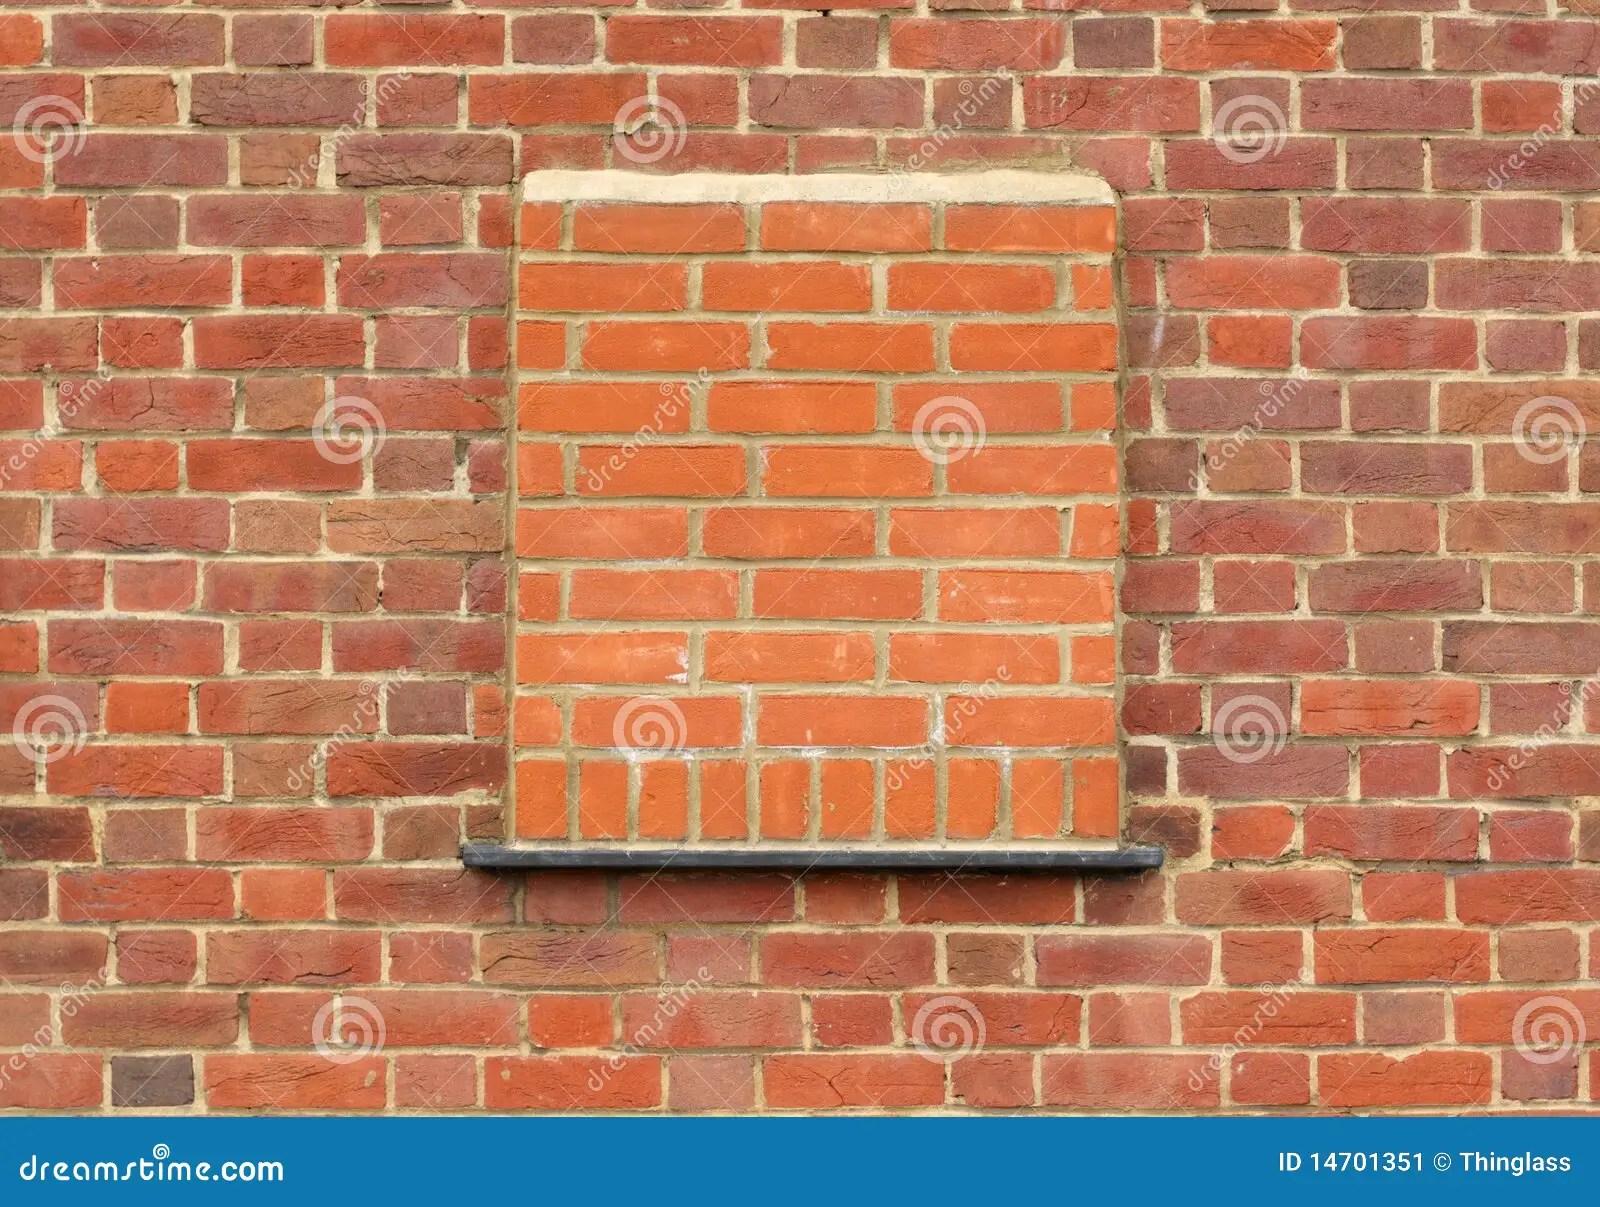 Bricked Up Window Stock Image  Image 14701351
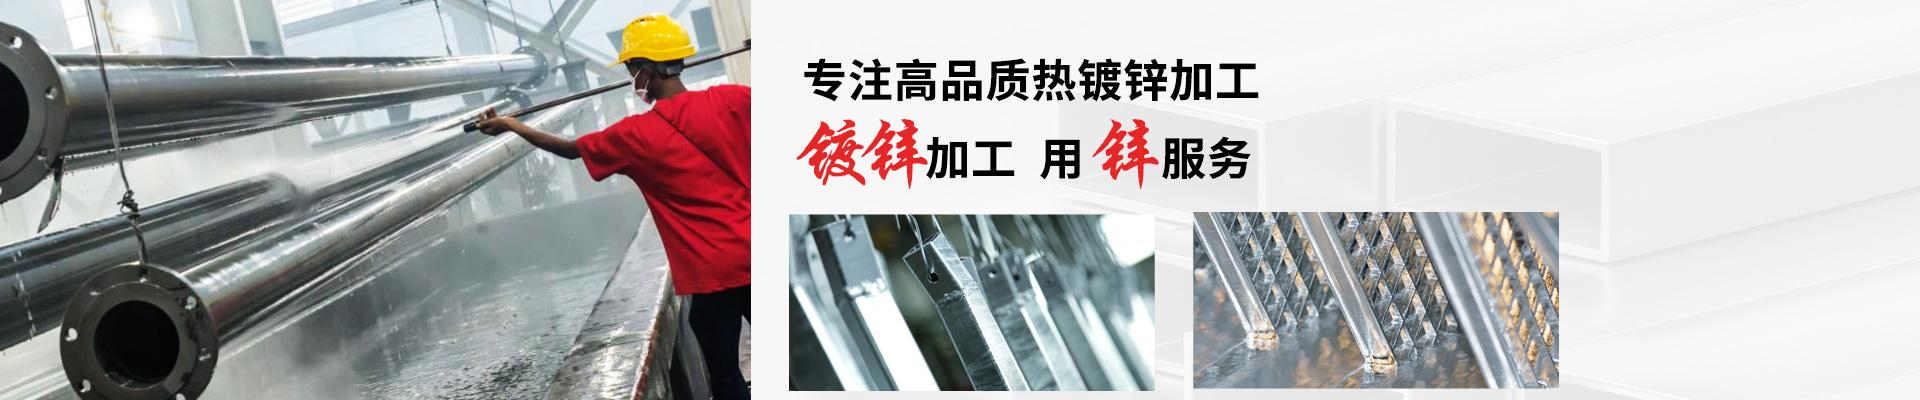 锌得利-专注高品质热镀锌加工
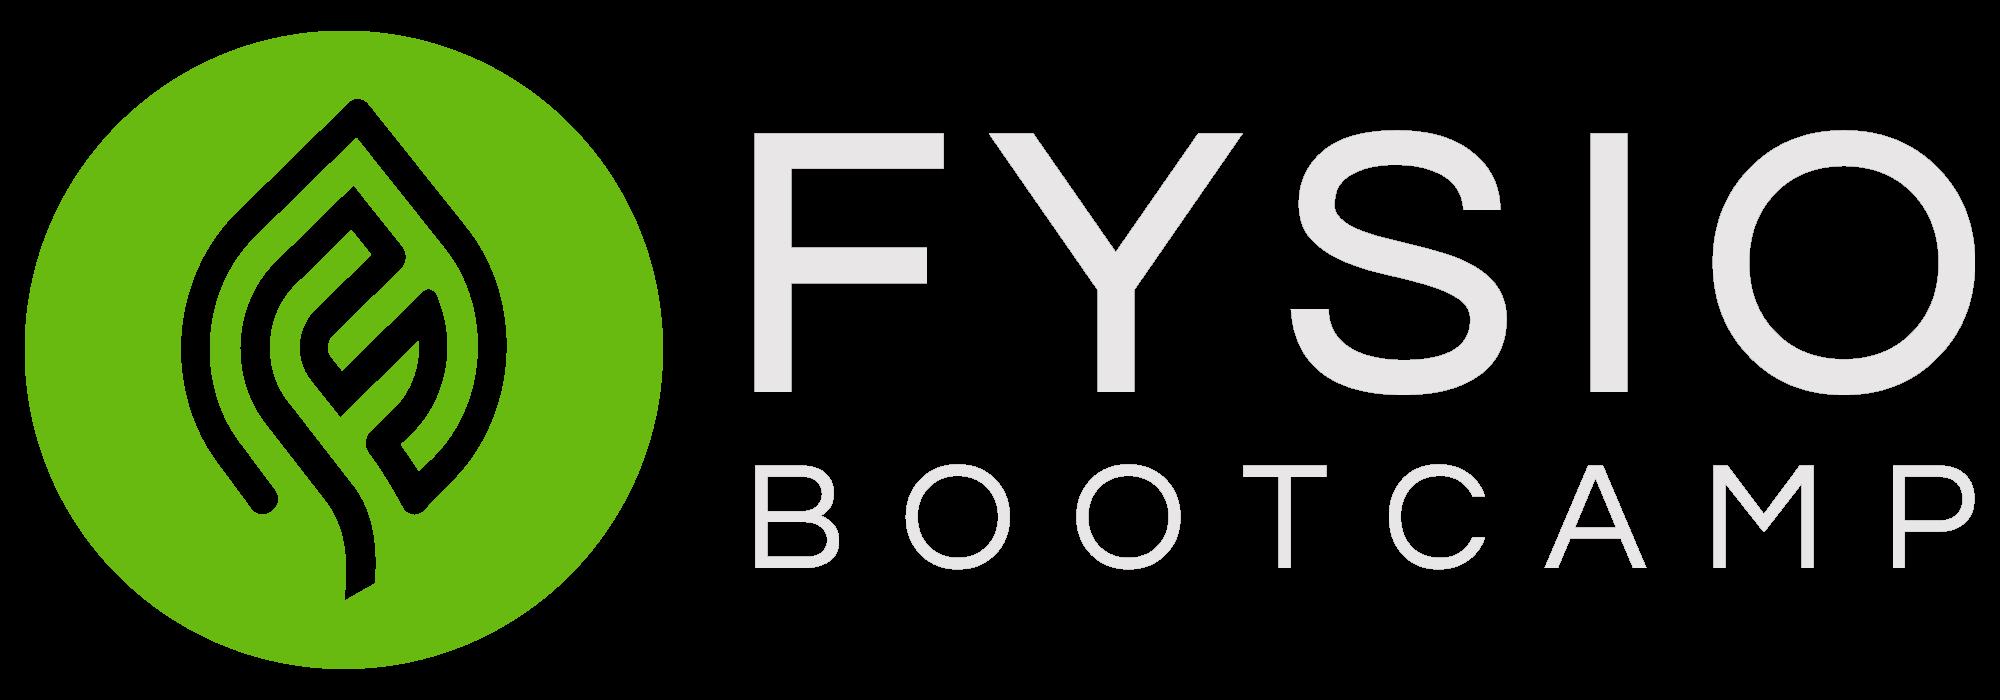 Fysio Bootcamp

EXERCISE AIM —
Return every line of the listing exactly, leaving its pictures behind.

TASK SOLUTION —
 Bricked Up Window Stock Image  Image 14701351
 锌得利-专注高品质热镀锌加工
 Fysio Bootcamp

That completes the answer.